Saving titanic.csv to titanic.csv


In [28]:
import io
titanic = pd.read_csv("titanic.csv")

titanic_lite = titanic.loc[:,["Embarked", "Age", "Fare","Survived"]]
titanic_lite = titanic_lite.loc[titanic_lite.isna().sum(axis = 1)==0,:]


In [29]:
def clasification_data(observation, arbol):
  question = list(arbol.keys())[0] 

  if question.split()[1] == '<=':

    if observation[question.split()[0]] <= float(question.split()[2]):
      answer = arbol[question][0]
    else:
      answer = arbol[question][1]

  else:

    if observation[question.split()[0]] in (question.split()[2]):
      answer = arbol[question][0]
    else:
      answer = arbol[question][1]

  # If the answer is not a dictionary
  if not isinstance(answer, dict):
    return answer
  else:
    residual_tree = answer
    return clasification_data(observation, answer)

In [30]:
titanic_prediction = []
num_obs = 20

for i in range(num_obs):
  obs_pred = clasification_data(titanic_lite.iloc[i,:], titanic_tree)
  titanic_prediction.append(obs_pred)

print("Predictions: ",titanic_prediction,
"\n\nReal values:", titanic_lite.Survived[:num_obs].to_numpy())

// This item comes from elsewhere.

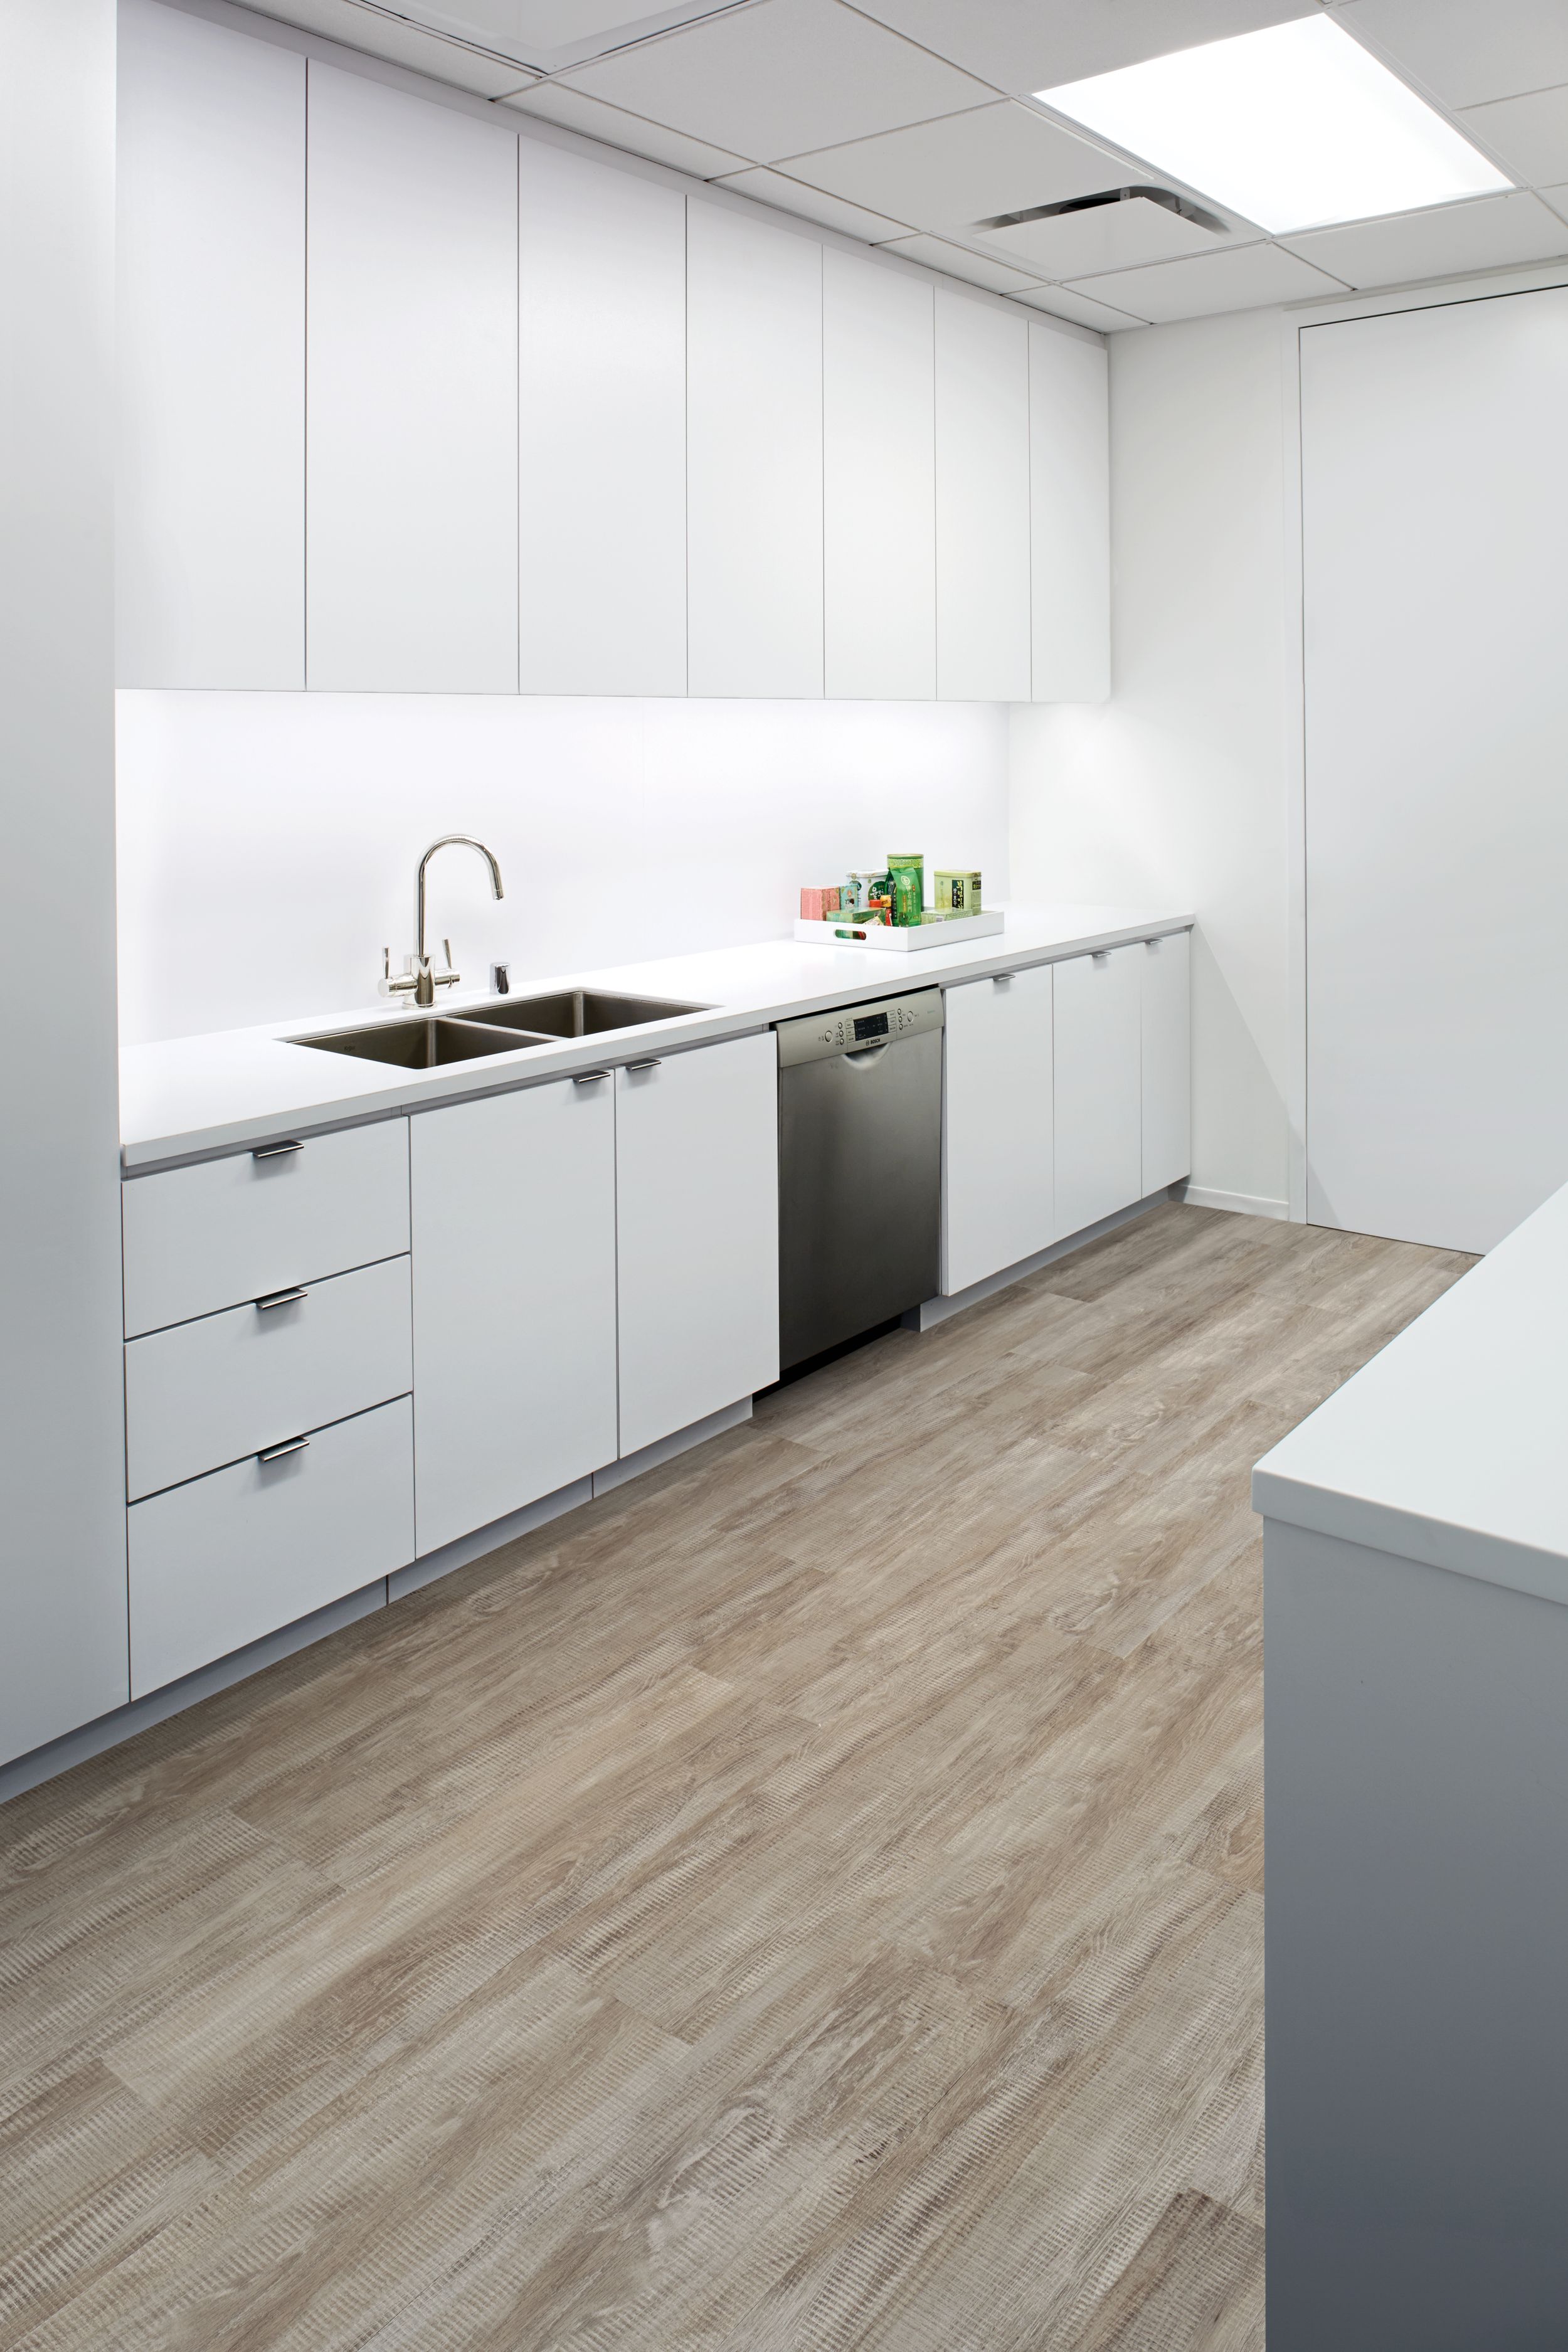 image Interface Textured Woodgrains LVT in kitchen area with sink numéro 9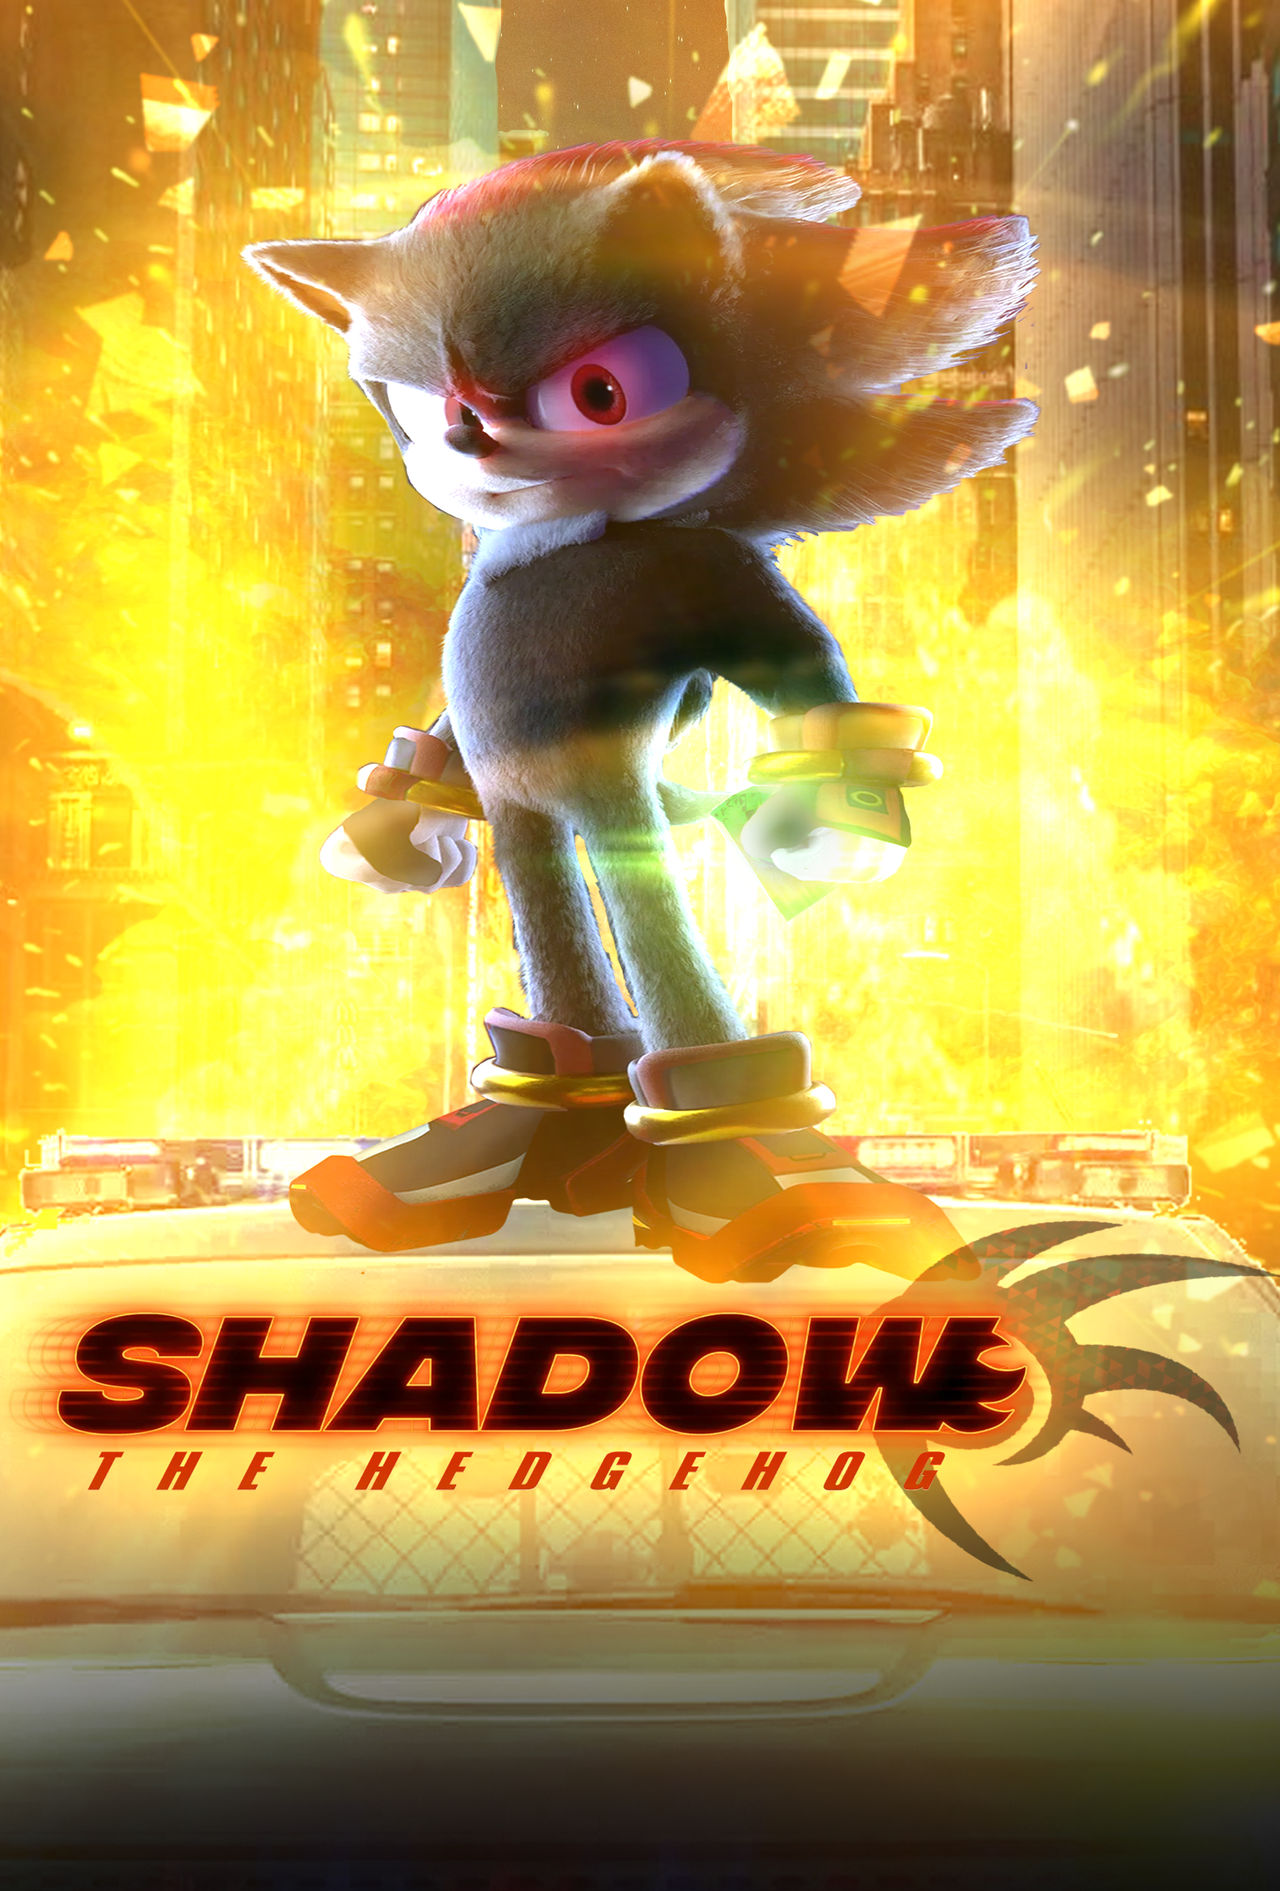 Shadow the hedgehog game ,Movie edit by DanielVieiraBr2020 on DeviantArt

Predictions:  [0, 1, 0, 1, 1, 0, 0, 0, 1, 0, 1, 1, 1, 0, 1, 0, 0, 1, 0, 0] 

Real values: [0 1 1 1 0 0 0 1 1 1 1 0 0 0 1 0 0 0 1 1]


### Conclusion
I think the best way to know an algorithm is to program it from scratch. And we have looked at different stages of data processing, training and evaluation that you would normally come across while growing a tree or training any other such classifier.